Up to 1949 the new republic was forced to withstand the former metropolis’s efforts to restore its colonial regime in the country. The main tasks of the newly sovereign state in the years 1945 to 1949 were to defend its independence, to strengthen its sovereignty and to achieve international recognition. Western powers, the USA and Great Britain, were inclined to directly and indirectly support the Netherlands’ efforts to reestablish its dominant influence on the Archipelago. The Indonesian leaders used the framework of the “cold war” while appealing to the Western powers to put pressure on the Netherlands to stop its military aggression against the new republic, while at the same time they were trying to get support from the newly independent countries of Asia and Africa as well as from the USSR and the socialist camp. Under Soviet initiative the “Indonesian question” was put on the agenda of the UN Security Council. During this period the Indonesian Republic was officially and unofficially recognized by many countries, including Western powers. In 1947 Indonesia signed a Friendship Agreement with Egypt, which marked a great success for the young Republic’s diplomacy. The Republic also took steps towards closer relations with the countries of the socialist camp, firstly with the USSR.

On January 26, 1948, a Soviet Chargé d’Affaires in Czechoslovakia reported to his Ministry that he had received a letter from the Special Envoy and Minister Plenipotentiary of the Republic of Indonesia, Soerpino, containing a proposition to establish diplomatic relations between the USSR and Indonesia. On May 22, 1948 in the Soviet Embassy in Prague Soeripno and the Soviet Extraordinary and Plenipotentiary Ambassador to Prague exchanged notes about the establishment of consular relations and the mutual exchange of consuls. Yet under Dutch military and political pressure the Indonesian government failed to ratify this agreement.[1]

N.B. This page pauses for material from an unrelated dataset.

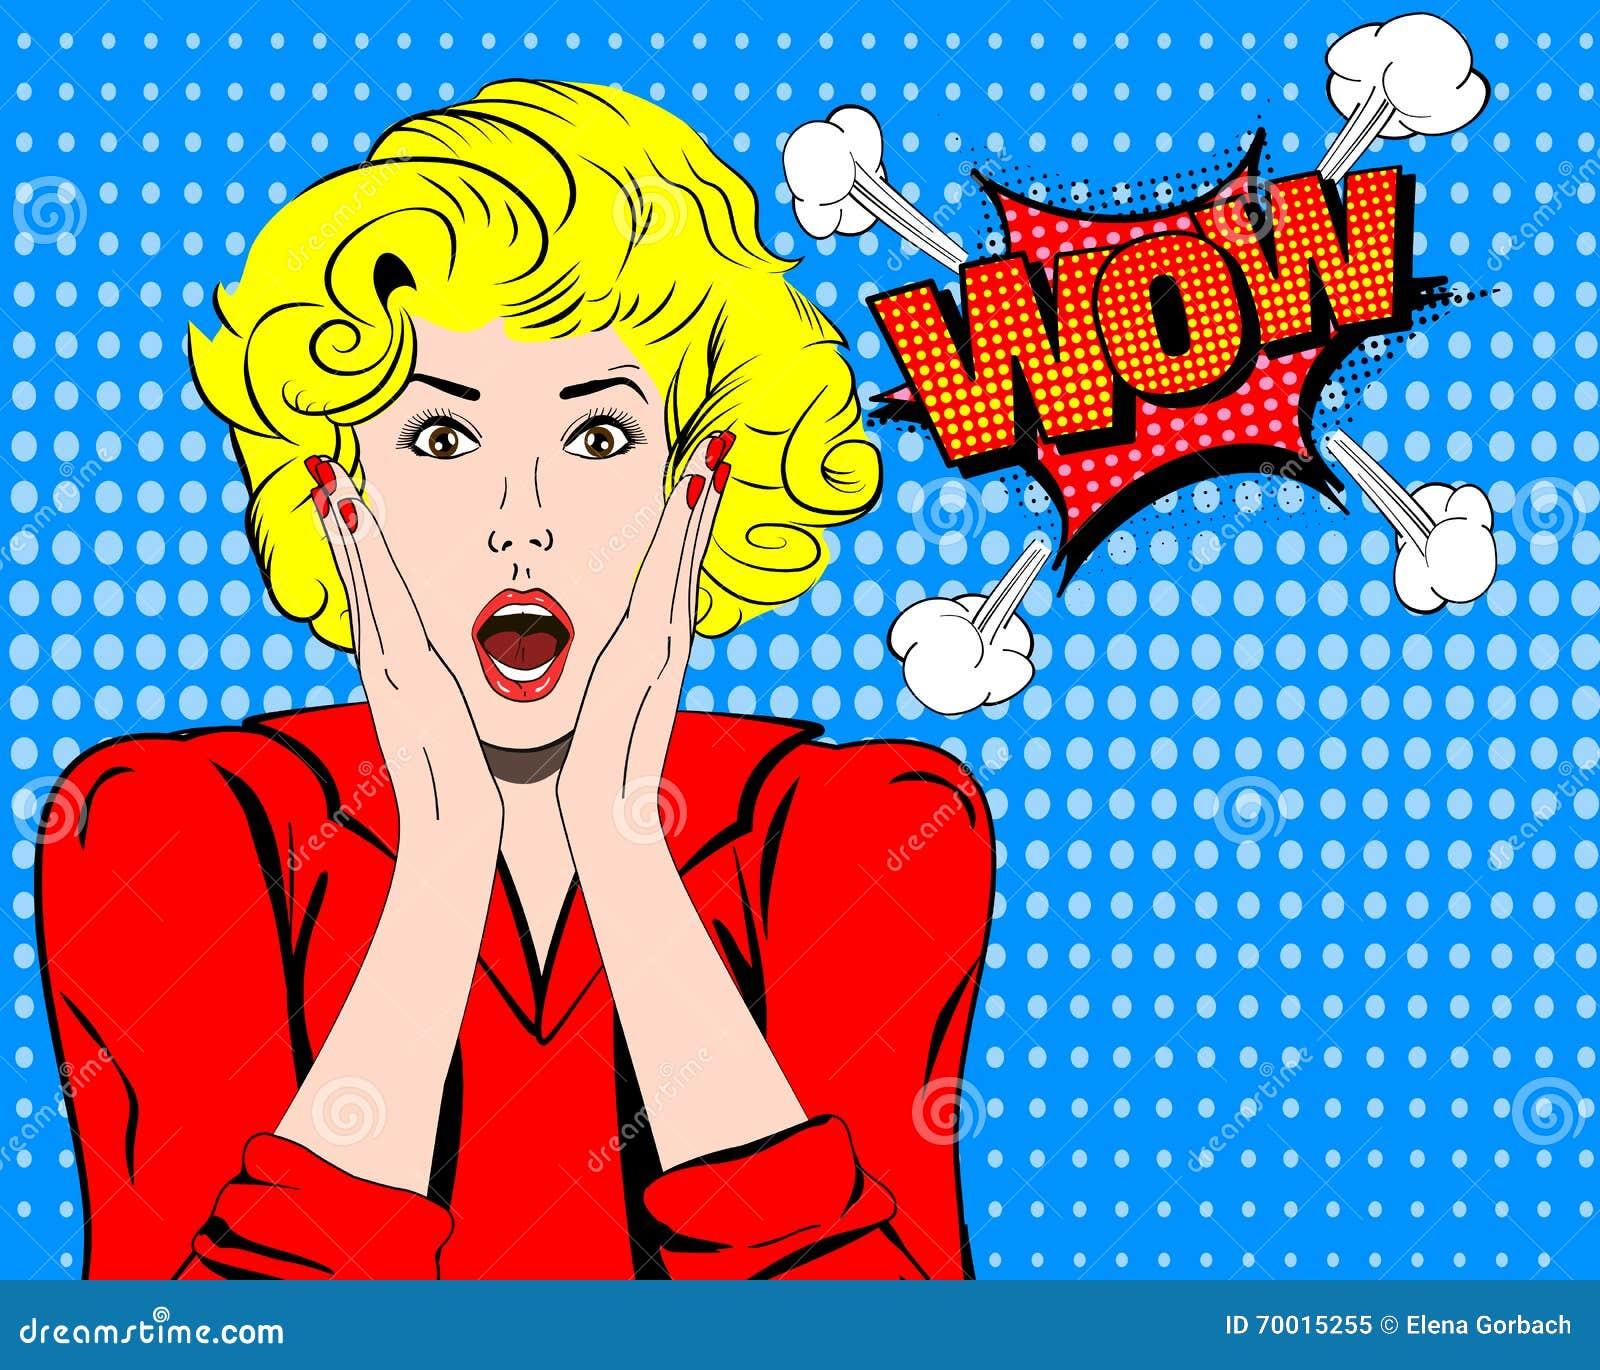 Wow Wow πρόσωπο Wow έκφραση Έκπληκτη γυναίκα με το ανοικτό στοματικό διάνυσμα Λαϊκή γυναίκα κατάπληξης τέχνης Wow συγκίνηση Wow κ

Late in 1949 Indonesia and the Netherlands met at the Round Table Conference and reached a number of agreements. The Netherlands recognized the sovereignty of Indonesia but reserved important positions in political, economic and military spheres. Indonesia was divided into 16 semi-independent states among which the Republic of Indonesia was the strongest. It proved impossible to agree about the future of West New Guinea (West Irian). The Indonesian delegation insisted that this area was part of Indonesia, but the Netherlands was determined to maintain its position there. Eventually the Indonesian side conceded that the status quo should prevail, with the stipulation that the area’s political status would be determined through negotiations between the Netherlands and Indonesia in the course of the next year.

Sovereignty was officially transferred on December 27, 1949. On January 25, 1950, after some hesitation, the Soviet Union officially recognized Indonesia upon request from the Netherlands. On February 3, 1950 the Indonesian Prime Minister sent a return telegram confirming the receipt of the Soviet telegram of recognition. This date is considered the official date of the establishment of diplomatic relations between the USSR and Indonesia.

In 1950 under the influence of Indonesian nationalism all semi-independent states united with the Republic of Indonesia into the unitary state. This period of Indonesian history from 1950 till 1959 is usually described as the period of “liberal democracy.”

On April 1950 a high level Indonesian delegation arrived in Moscow to hold talks about an exchange of diplomatic missions. In 1950 the USSR supported Indonesia’s membership in the UN, but no practical steps were taken towards the exchange of diplomatic missions and the development of Soviet-Indonesian relations in the years 1950 to 1954.[2]

Until 1952 the Indonesian governments were headed by leaders of right-wing parties who maintained a pro-Western foreign policy. Nevertheless, despite US pressure, in April 1950 Indonesia established diplomatic relations with the People’s Republic of China and the first Chinese ambassador arrived in Djakarta in August 1950.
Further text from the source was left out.